Source information
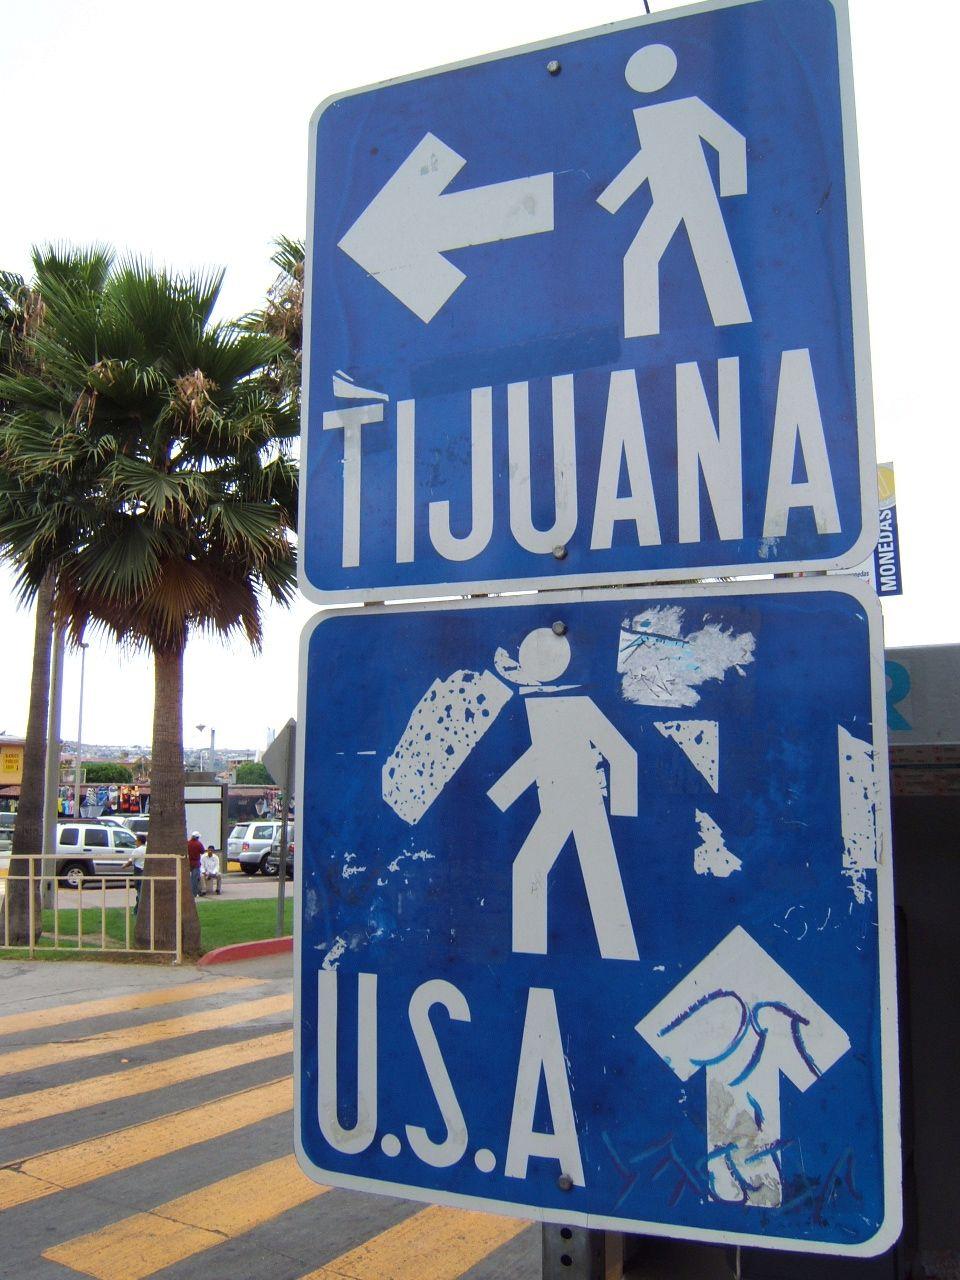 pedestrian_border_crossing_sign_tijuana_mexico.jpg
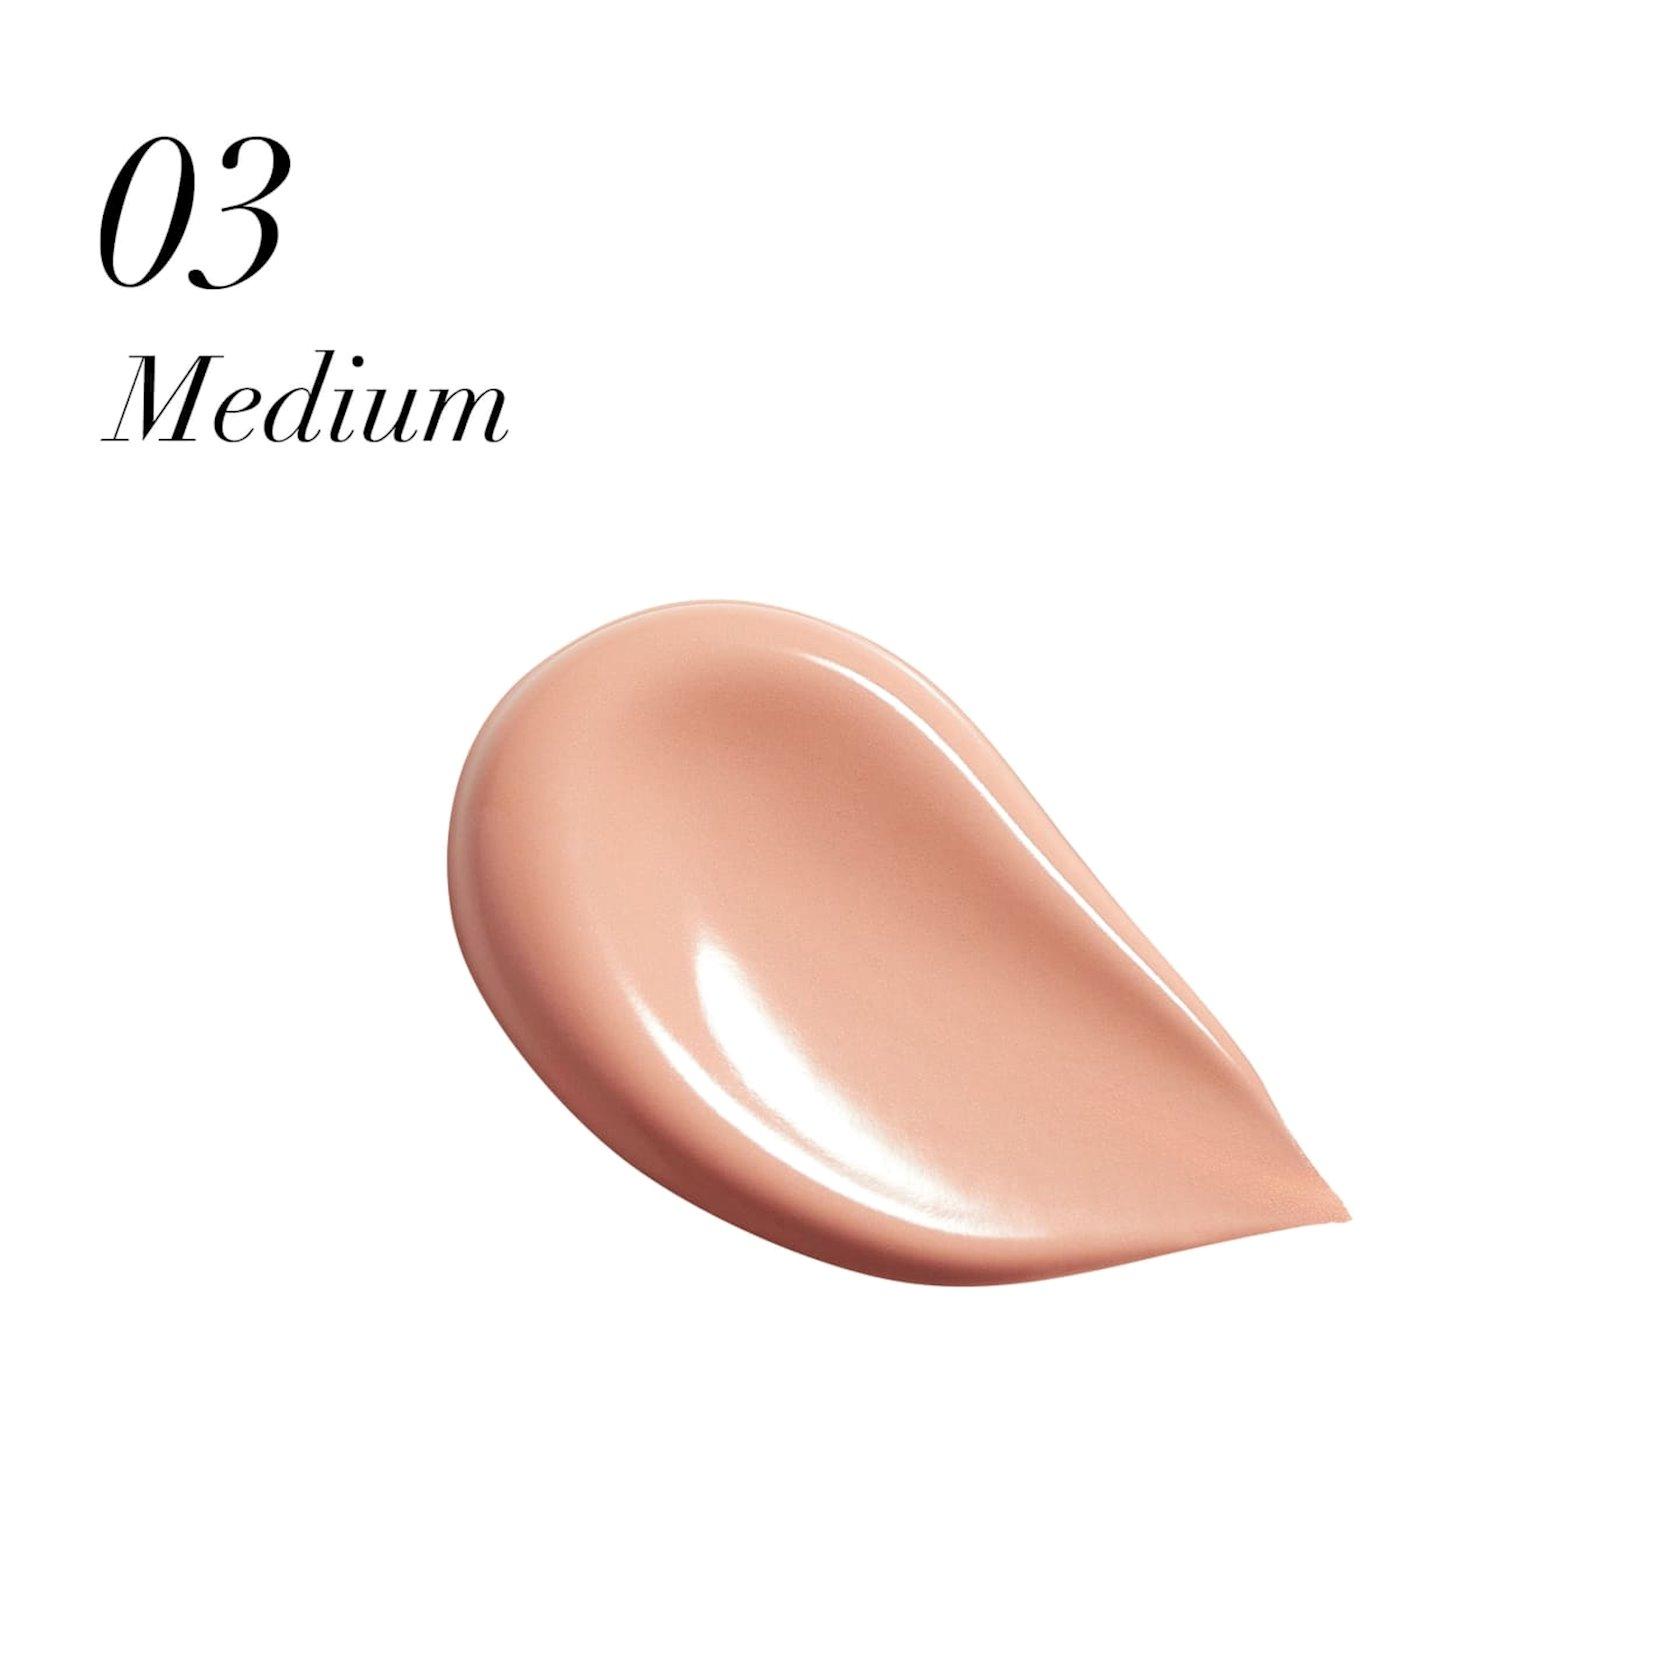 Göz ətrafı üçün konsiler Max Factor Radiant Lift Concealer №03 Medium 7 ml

...

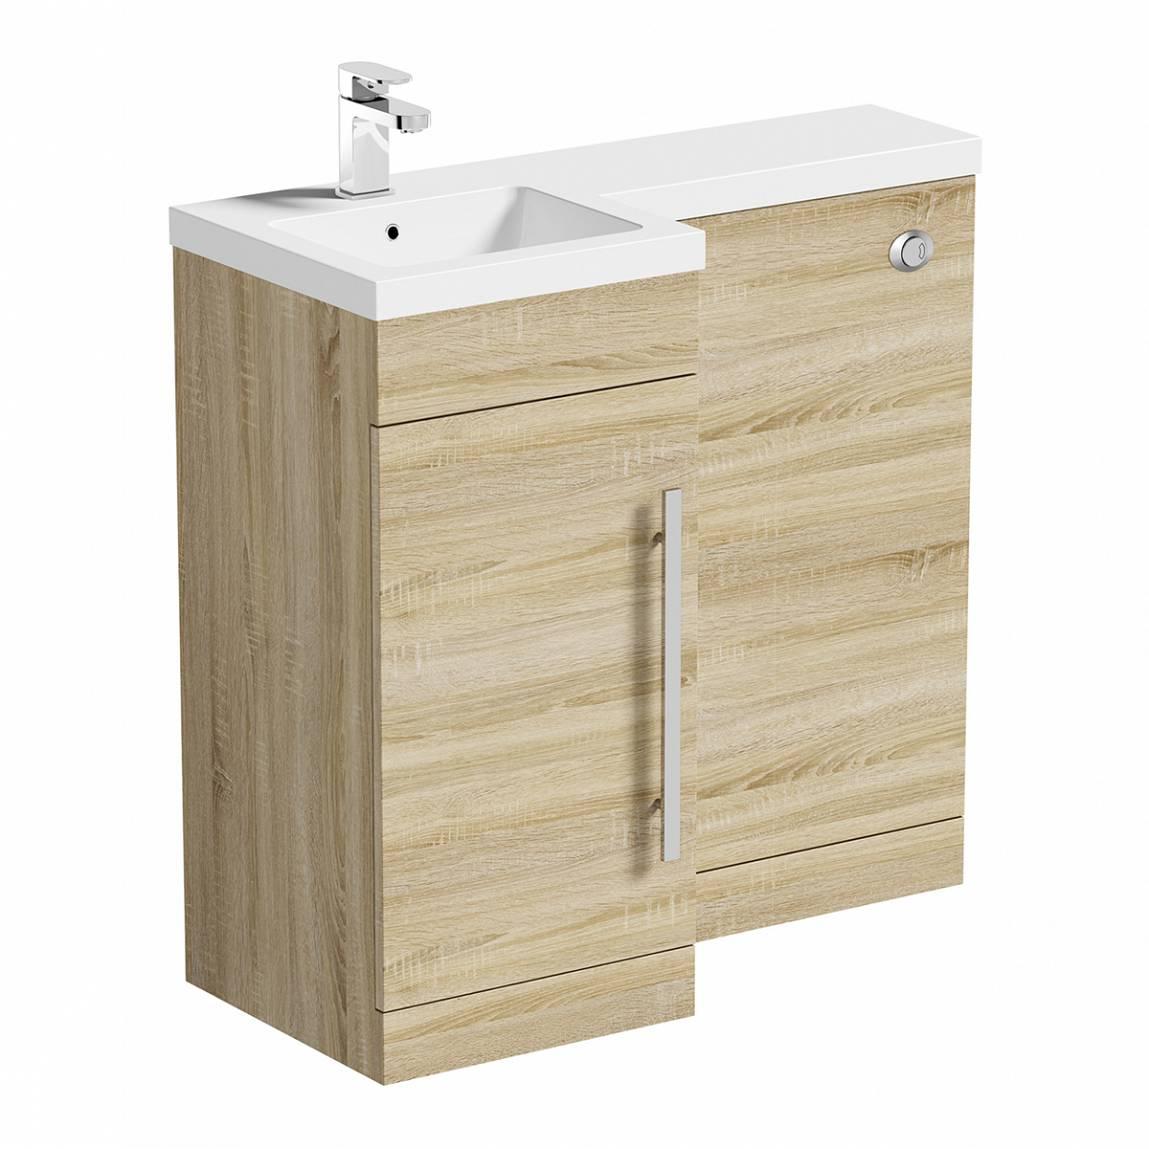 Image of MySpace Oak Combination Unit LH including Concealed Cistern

Task to carry out
When you reach the line with "pedestrian_border_crossing_sign_tijuana_mexico.jpg" in the records above, start writing out each line exactly, and stop after the line with "Göz ətrafı üçün". Pictures stay out.

Output for this task
 pedestrian_border_crossing_sign_tijuana_mexico.jpg
 Göz ətrafı üçün konsiler Max Factor Radiant Lift Concealer №03 Medium 7 ml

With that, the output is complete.